It was the scent of the island that welcomed me before I ever stepped onto the car-free streets of Mackinac Island. The lilacs were in bloom, and the air was perfumed with the sweet scent of the flowers as I made my way from Shepler’s Ferry to the dock with my son asleep on my shoulder.
We were greeted by baggage handlers, who seamlessly (and quietly) moved our luggage from the boat to wagons pulled by bicycles so as to not to wake my sleeping toddler. We immediately boarded a horse-drawn carriage destined for the green-roofed hotel at the top of the hill and began our weeklong retreat at the Grand Hotel in the same way visitors had done centuries before us.
My son awoke as we neared the red-carpet entryway, so his first view of the island was the stunning white pillars contrasted with the ebony horses that were pulling us nearer to the entrance.

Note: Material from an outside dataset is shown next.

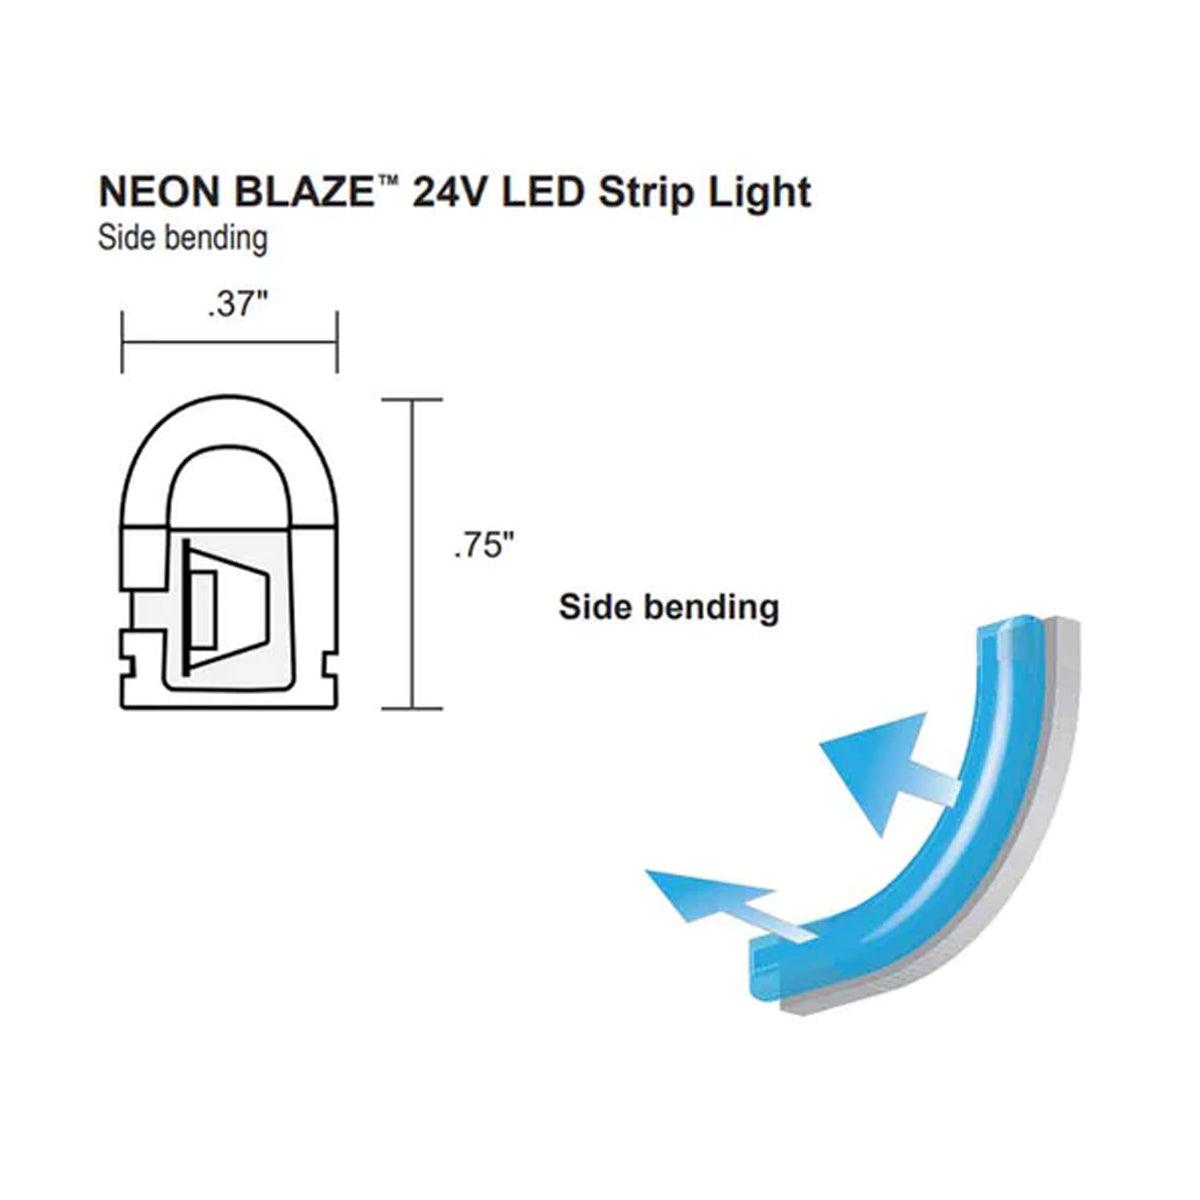 Neon BLAZE LED Neon Strip Light, Gold, 24V, Side Bending - Bees Lighting

The impressive sight of nearly 100 perfectly white, wooden rocking chairs lining the 660-foot front porch had the two of us in awe.
Life moves at a slower pace on Mackinac, and that’s by design. Motor vehicles were banned more than 120 years ago because they were scaring the horses, and they are still banned today on the island, which sits on Lake Huron between Michigan’s upper and lower peninsulas.

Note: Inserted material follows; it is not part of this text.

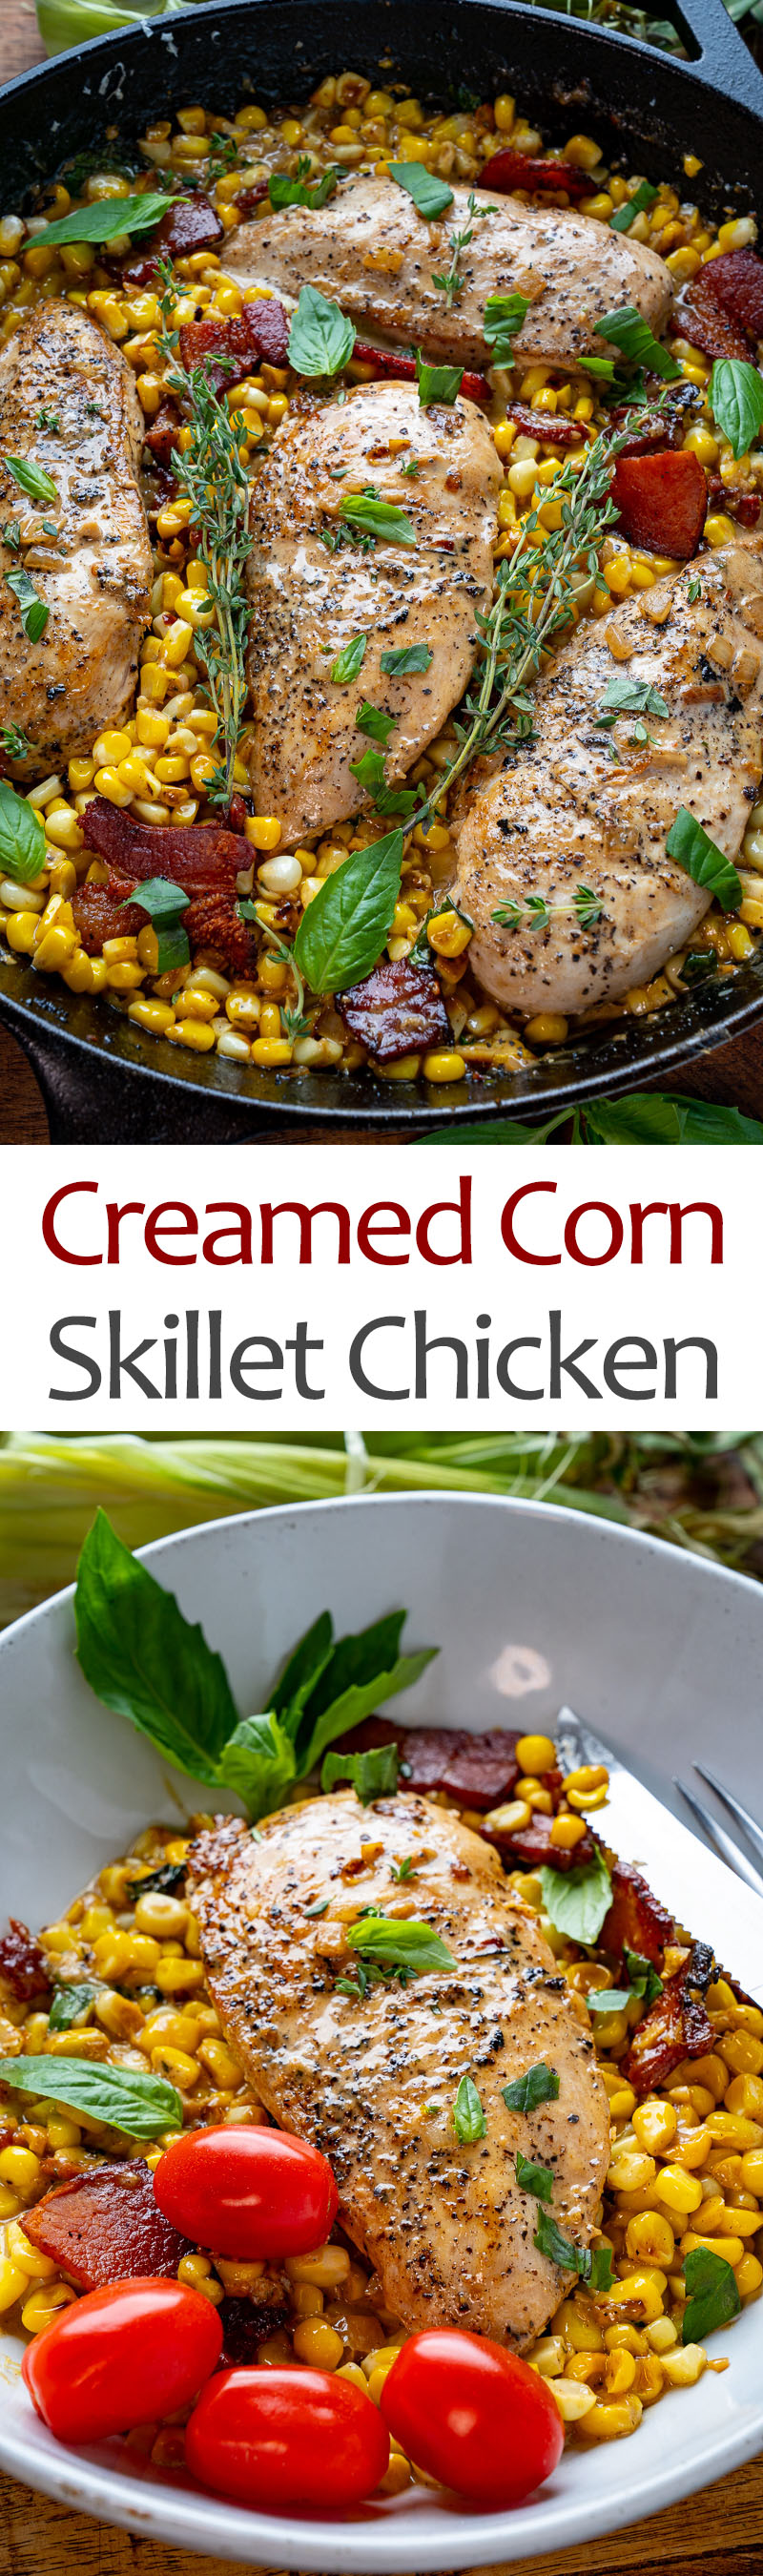 Creamed Corn Skillet Chicken

Horses and carriages share road space with more than 85,000 bicycles, and aside from that, walking is the only other way to arrive at the Grand Hotel.
The hotel opened in 1887, when rooms went for $3 to $5 per night and guests from all over arrived on the island via a lake steamer and railroad from Chicago; Erie, Pa.; Montreal; and Detroit (rates start at $429 per person now). Guests dressed in their finest as they arrived in horse-drawn buggies, and a staff of tuxedoed and white-gloved workers welcomed them from the footsteps of the Grand Porch. The hotel’s front porch at the time was the longest in the world, and the property says it remains so to this day.
It’s hard not to feel the history as you walk the grounds of the Grand Hotel. Mark Twain gave lectures here for $1 a seat, and agents of Edison Phonograph first offered once-weekly demos of their new invention. Countless movies have tried to capture the effortless elegance of this grand dame hotel, which is now writing a new chapter in its history.
Over the decades, the hotel has focused more on restorations and upgrades than major renovations, but this past year it underwent its biggest renovation project since 2001, when 52 rooms were added, the Grand Pavilion event space was built and electric boilers were put in.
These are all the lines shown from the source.